On Friday, after nearly four years of planning, and after nearly four years of saying "Next year we'll be there," we're taking the '61 up to the Goodguys car show. Over 3,000 cars will be there (mostly customs and hot rods), but our task is merely making it up there and back. The 40-mile drive will be the car's longest in its newest incarnation, and its longest trek since at least the mid seventies. My dad's been taking the car out on what he calls "Dawn Patrol", on which he drives outside of town and back, putting an average of 20-30 miles on the car. These trips normally take place between 6:30 and 7:00 am, and tomorrow morning I'll try to be up to accompany him (since it will be the last patrol before the journey). That jaunt will serve a couple of purposes, though, since today we managed to fit an air filter on the engine. That, let me tell you, was no easy task.

Due to the engine swapping that we've had to do on this car in the past, coupled with two carbs going bad over the years, the standard air filter would not allow the hood to close, so we've been searching for a custom one for a while. Having no luck anywhere in town, though, today my dad sent me to a tractor place to get a filter that was at least the right width. From here we knew we would have to trim some off of it. Little did I know, though, how much of an ordeal that would be.

Some two hours later, after employing the use of a Dremel tool, a grinder, a die, wire cutters, scissors, an Exacto knife, a board, and the biggest rubber mallet I have ever seen, I had been forced to improvise a few times. After making my initial cuts on the filter, I found that the hood still wouldn't fit, so I continued cutting on it (requiring the use of another tool). When that still didn't fit, I was forced to measure sections of the metal plate on which the filter sits, and I ground the bottom lip away. After another no-go, my dad hammered the raised area on the top plate down, I ground some more, and soon we were ready to try again. As my dad was working on the threaded bolt (that goes into the carb on one end and holds a nut on the other), a washer came out of his hand and dropped straight down the small barrel of the carburetor. We proceeded with incredible caution, then, as I bent a wire and tried to extract the washer. One bump of the throttle, which presently rested right below my wrist, and any hope of making the show would have been gone.

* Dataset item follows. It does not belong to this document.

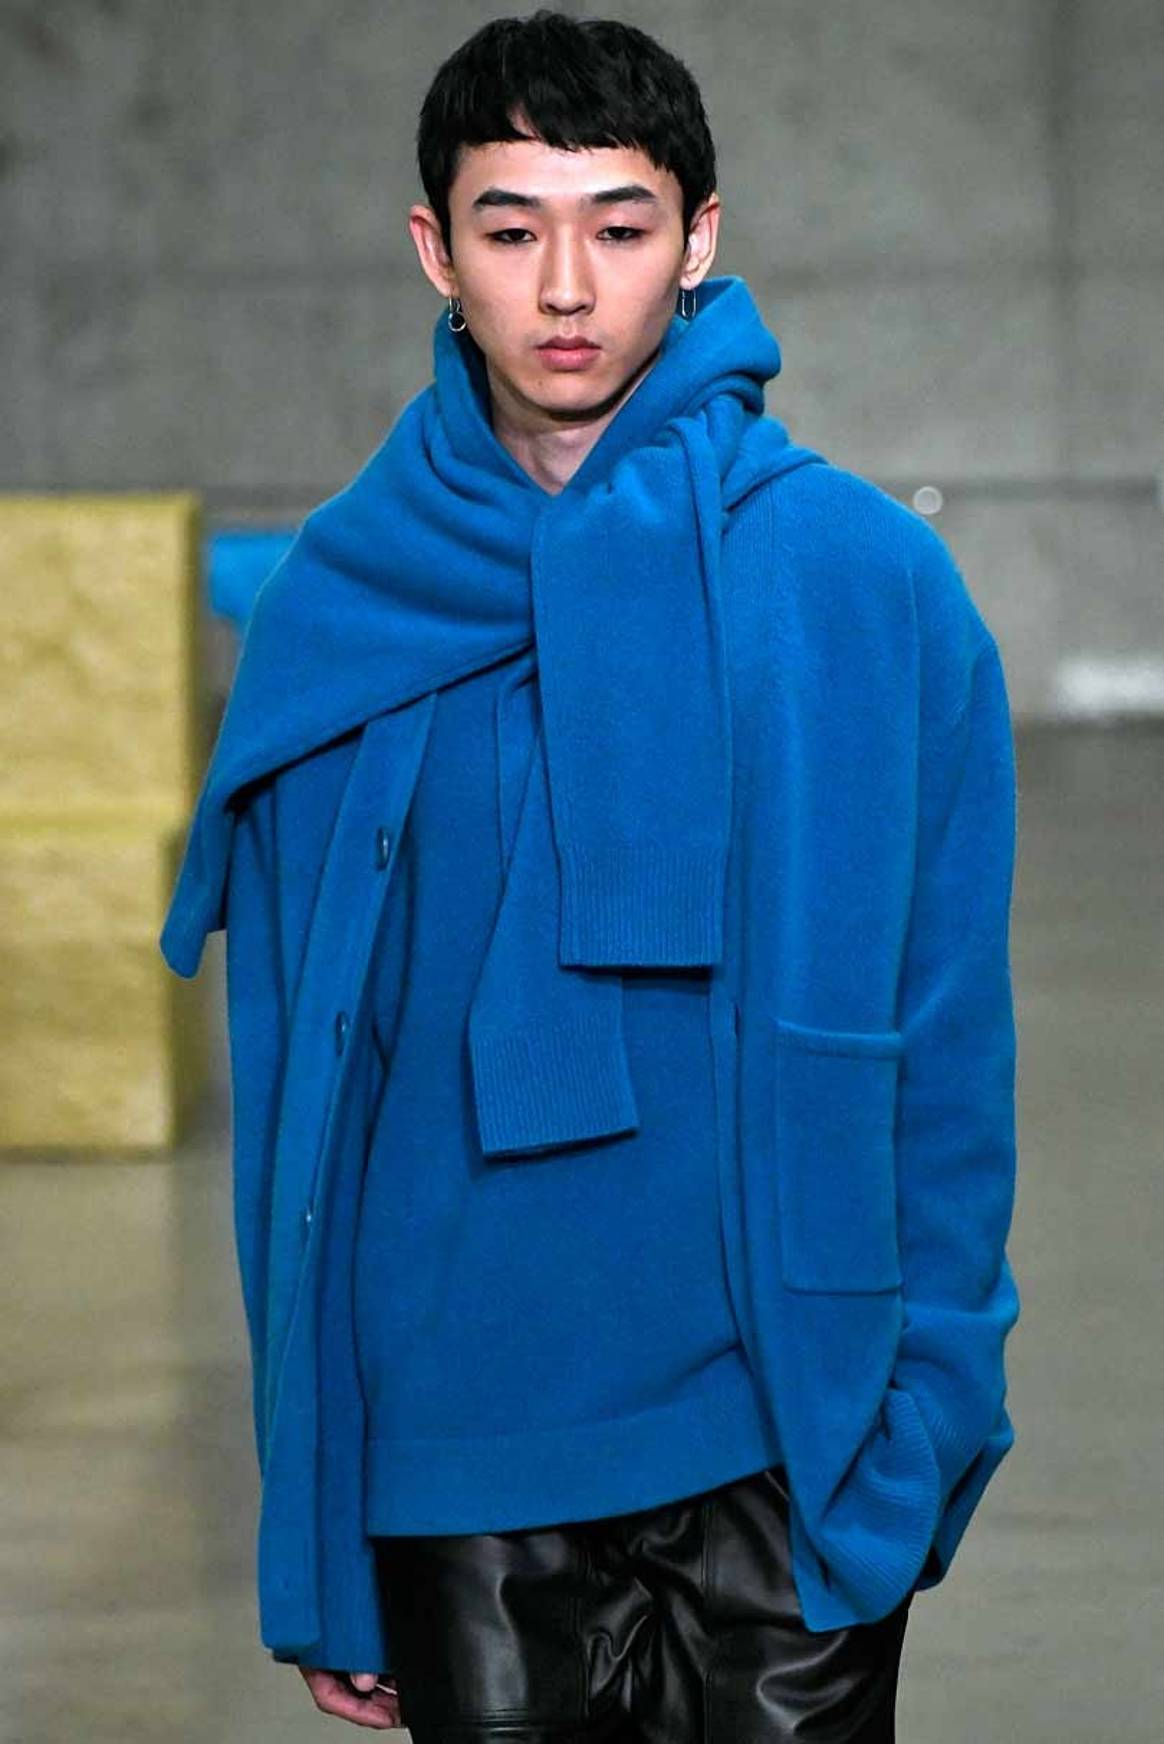 Spotted on the Catwalk: Key Colors at New York Fashion Week AW19

I felt like I was in surgery; my hands stayed steady as the dim light shone down into the barrel, and with each bump of the wire, I waited for the disemboweling sight of the barrel opening and the washer plunging into darkness. After about five minutes with my father cursing the car in the background I managed to get the washer out and put the air filter on. Tightening the nut and putting hand cream on the top plate, I closed the hood completely, then raised it back up. I could not find a trace of cream on the underside of the hood, meaning the grinding and trimming had worked! Now the true test will come on Dawn Patrol tomorrow where we'll find out if the new filter is choking the engine at all. If it is then we'll run without a filter to the show and back, but if it isn't, then we're good to go (although heaven forbid we even THINK about opening the hood, according to my father...).

Well, this post is long enough for now. I'll try to stay updated tomorrow as we really hit crunch time for detailing, then come Saturday (probably) you'll find out whether or not we made it to the show and back. Wish us luck, because Lord knows we'll probably need it with this car!